= Beginning of Section =

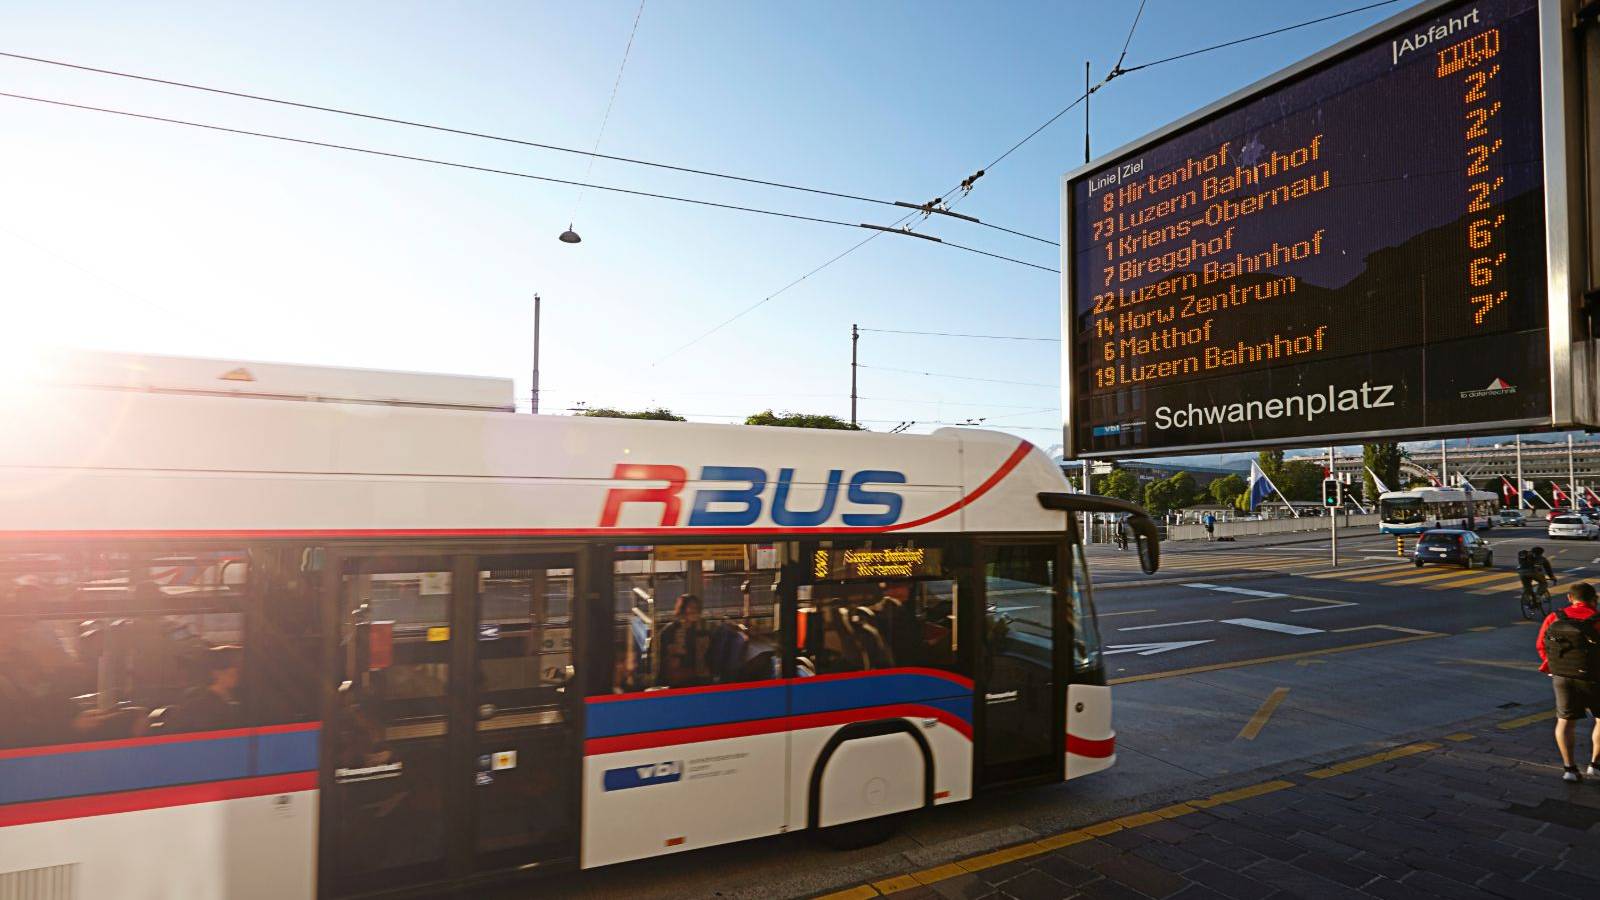 RBus Öffentlicher Verkehr Schwanenplatz ÖV
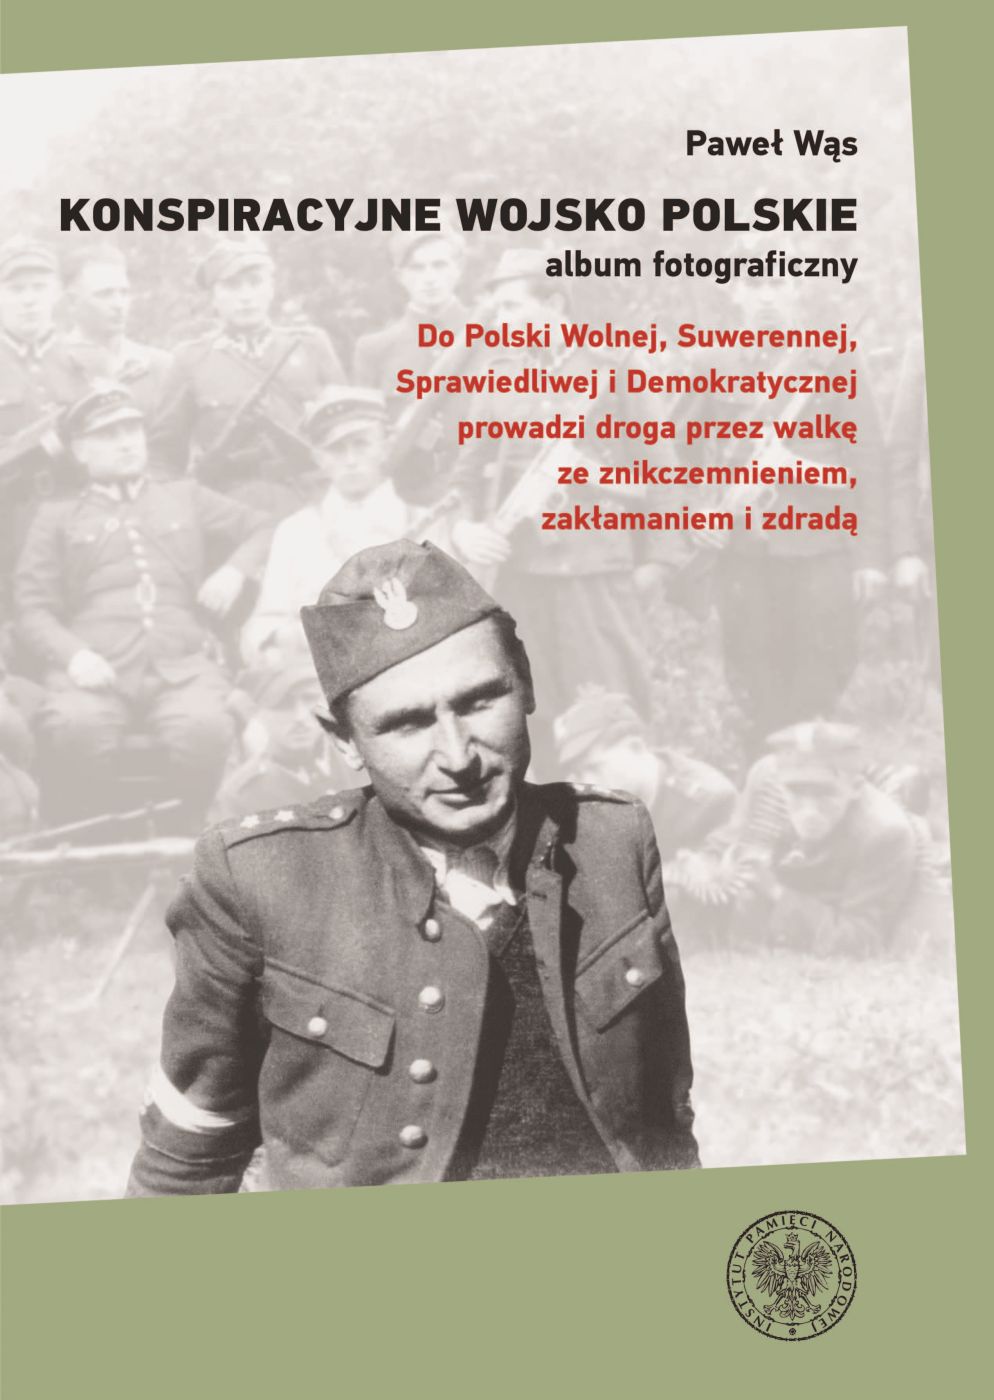 Konspiracyjne Wojsko Polskie album fotograficzny (P.Wąs)
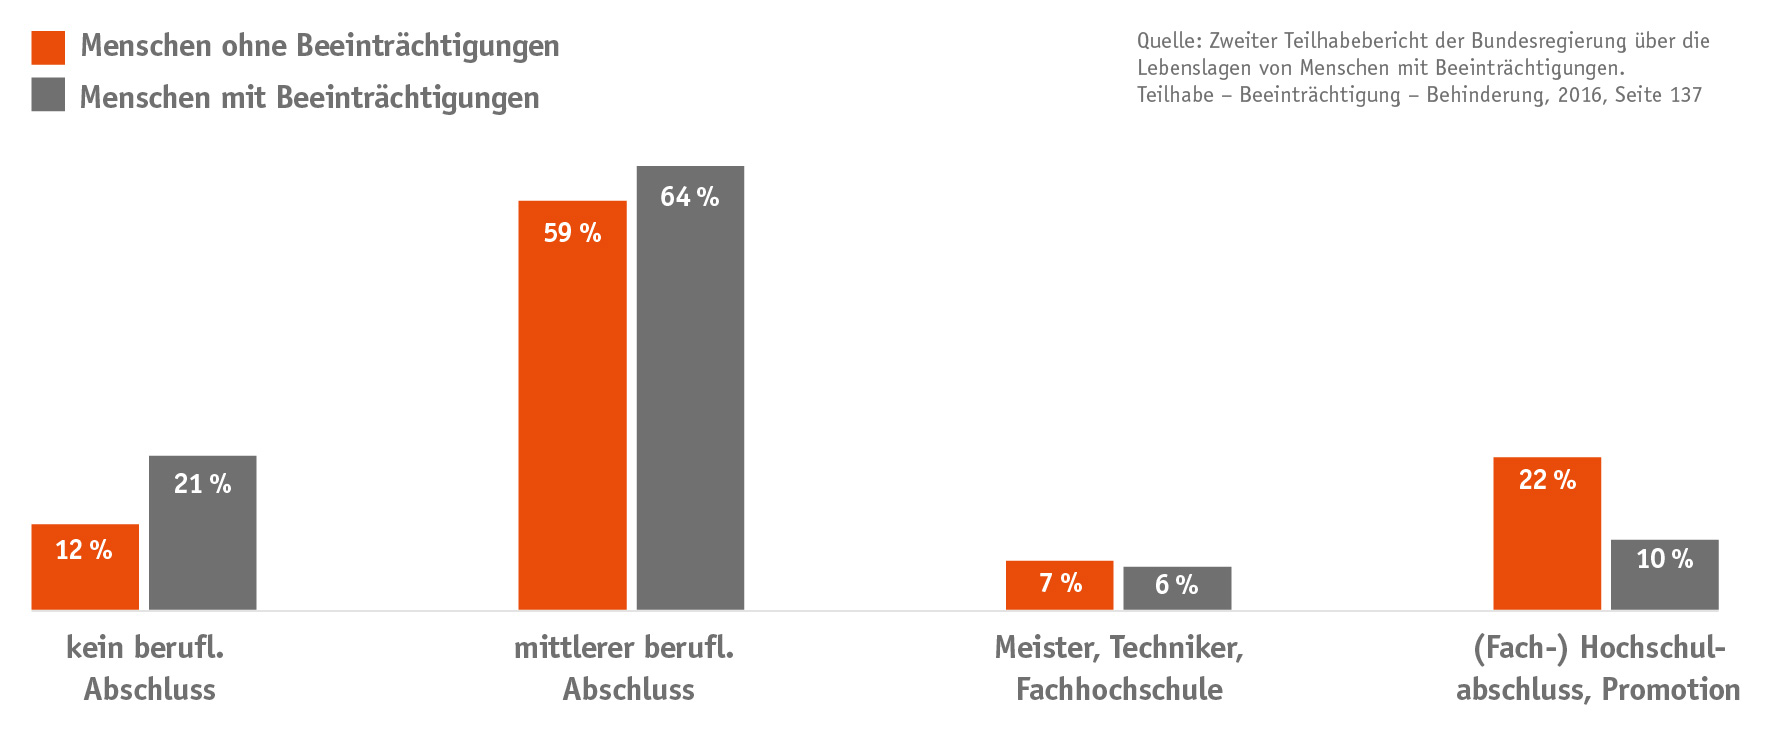 Infografik: 21% ohne Abschluss, 64% mit mittlerem beruflichen Abschluss, 6% sind Meister/Techniker, 10% mit Hochschlabschluss oder Promotion

= End of Section =

Task description
The required output consists only of the lines from the one containing "Konspiracyjne Wojsko Polskie" to the last line of the material, reproduced exactly, pictures excluded.

Written response
 Konspiracyjne Wojsko Polskie album fotograficzny (P.Wąs)
 Infografik: 21% ohne Abschluss, 64% mit mittlerem beruflichen Abschluss, 6% sind Meister/Techniker, 10% mit Hochschlabschluss oder Promotion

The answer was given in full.